Data section:
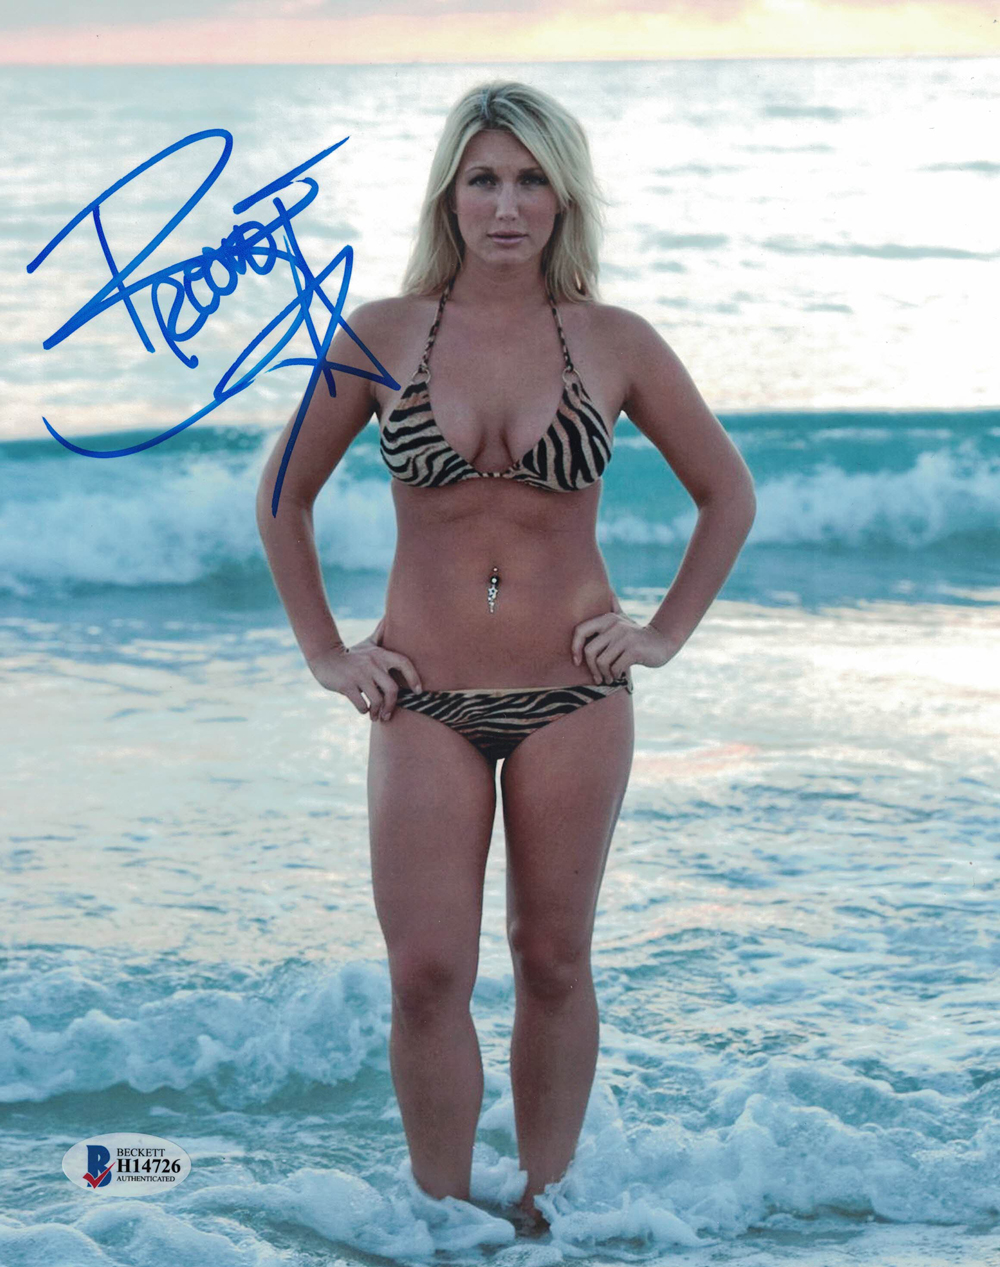 Brooke Hogan Autographed/Signed 8x10 Photo BAS 24327
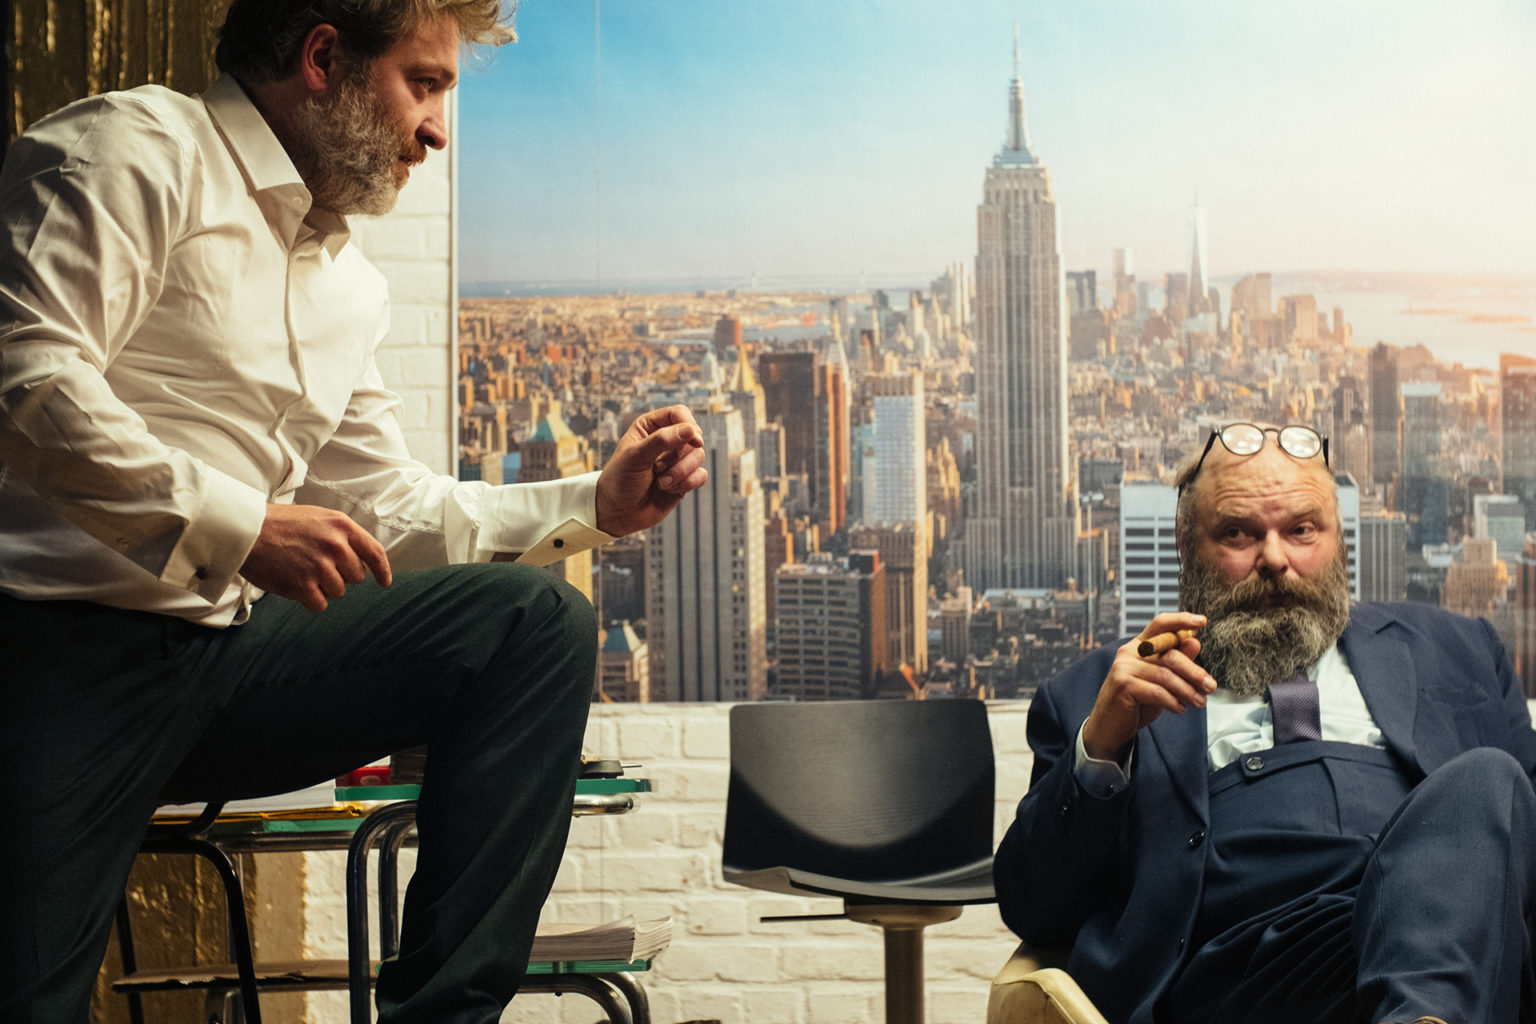 Les acteurs Bert Haelvoet et Damiaan De Schrijver discutent, cigares à la main. Derrière eux, une photo de New York où l'on voit l'Empire State Building.
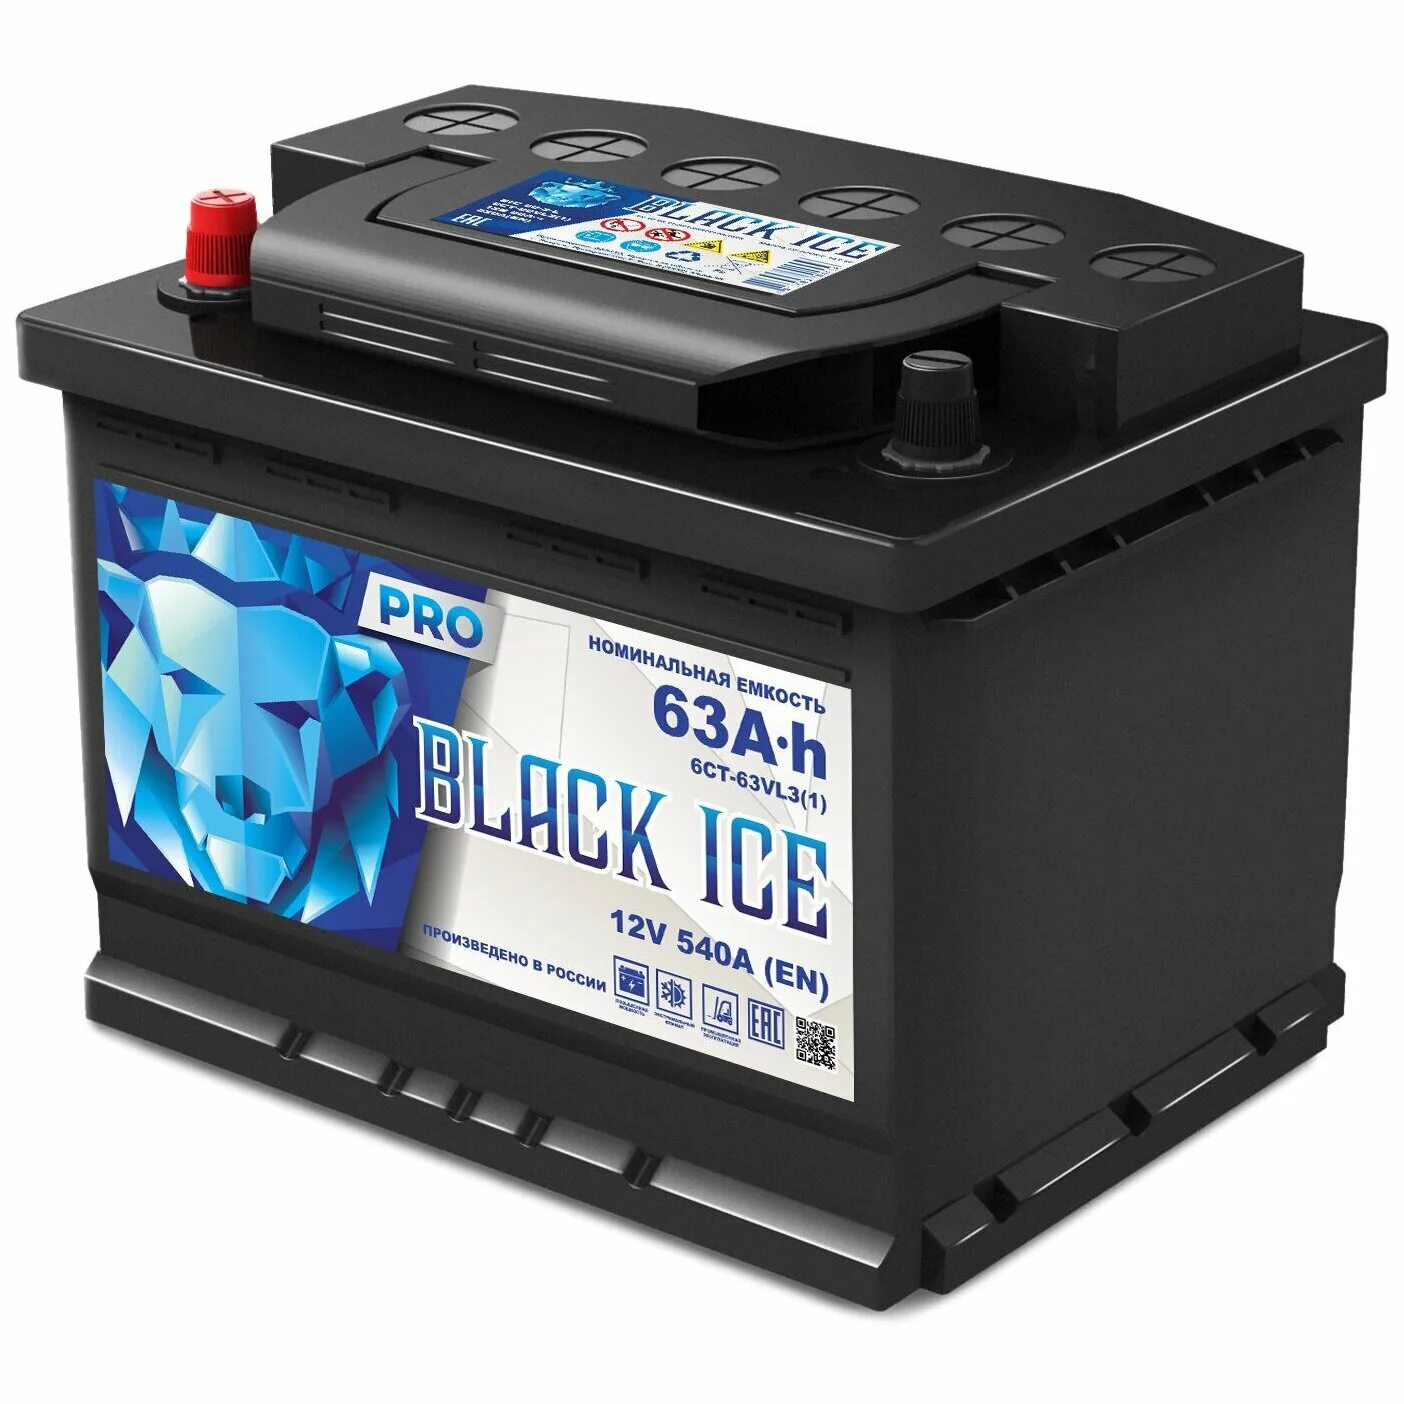 Автомобильный аккумулятор Black Ice Pro 6ст-63.1 VL. Аккумулятор Black Ice 6ст. Аккумулятор Black Ice 60. Black Ice 190 Ач аккумулятор.
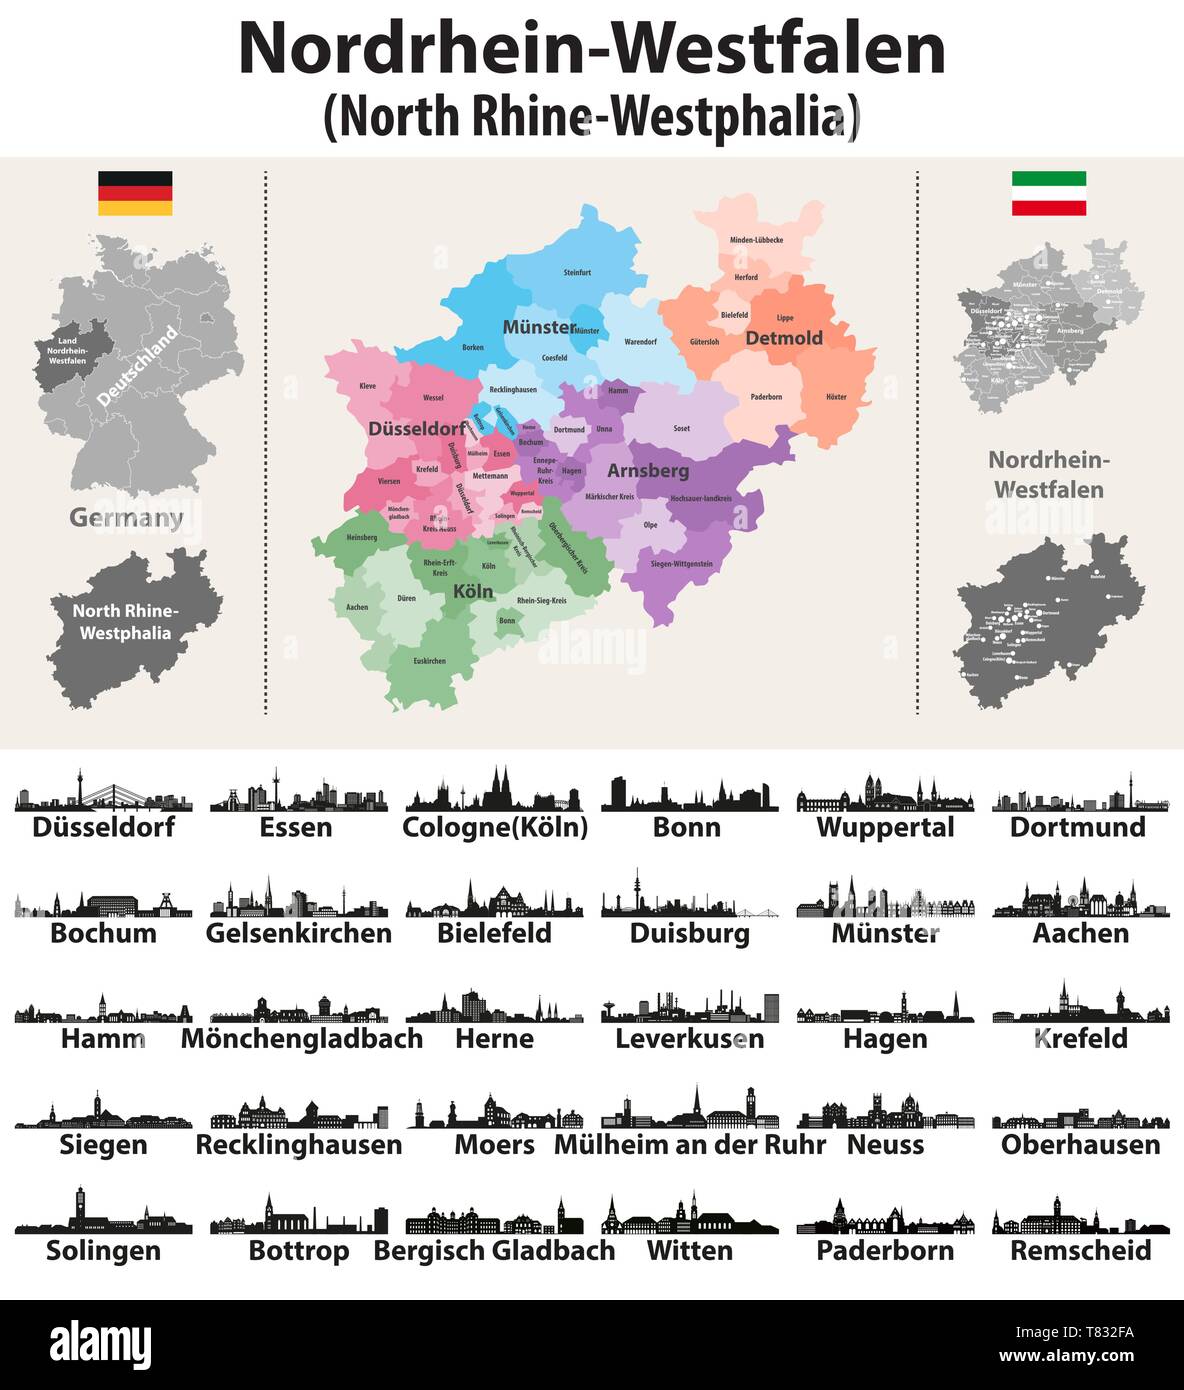 Deutschland Bundesland Nordrhein Westfalen Vektor Karte Mit Den Grossten Stadten Skylines Stock Vektorgrafik Alamy

Brief: Omit the pictures and give the material again, exactly and in full.

Completed exercise:
 Brooke Hogan Autographed/Signed 8x10 Photo BAS 24327
 Les acteurs Bert Haelvoet et Damiaan De Schrijver discutent, cigares à la main. Derrière eux, une photo de New York où l'on voit l'Empire State Building.
 Автомобильный аккумулятор Black Ice Pro 6ст-63.1 VL. Аккумулятор Black Ice 6ст. Аккумулятор Black Ice 60. Black Ice 190 Ач аккумулятор.
 Deutschland Bundesland Nordrhein Westfalen Vektor Karte Mit Den Grossten Stadten Skylines Stock Vektorgrafik Alamy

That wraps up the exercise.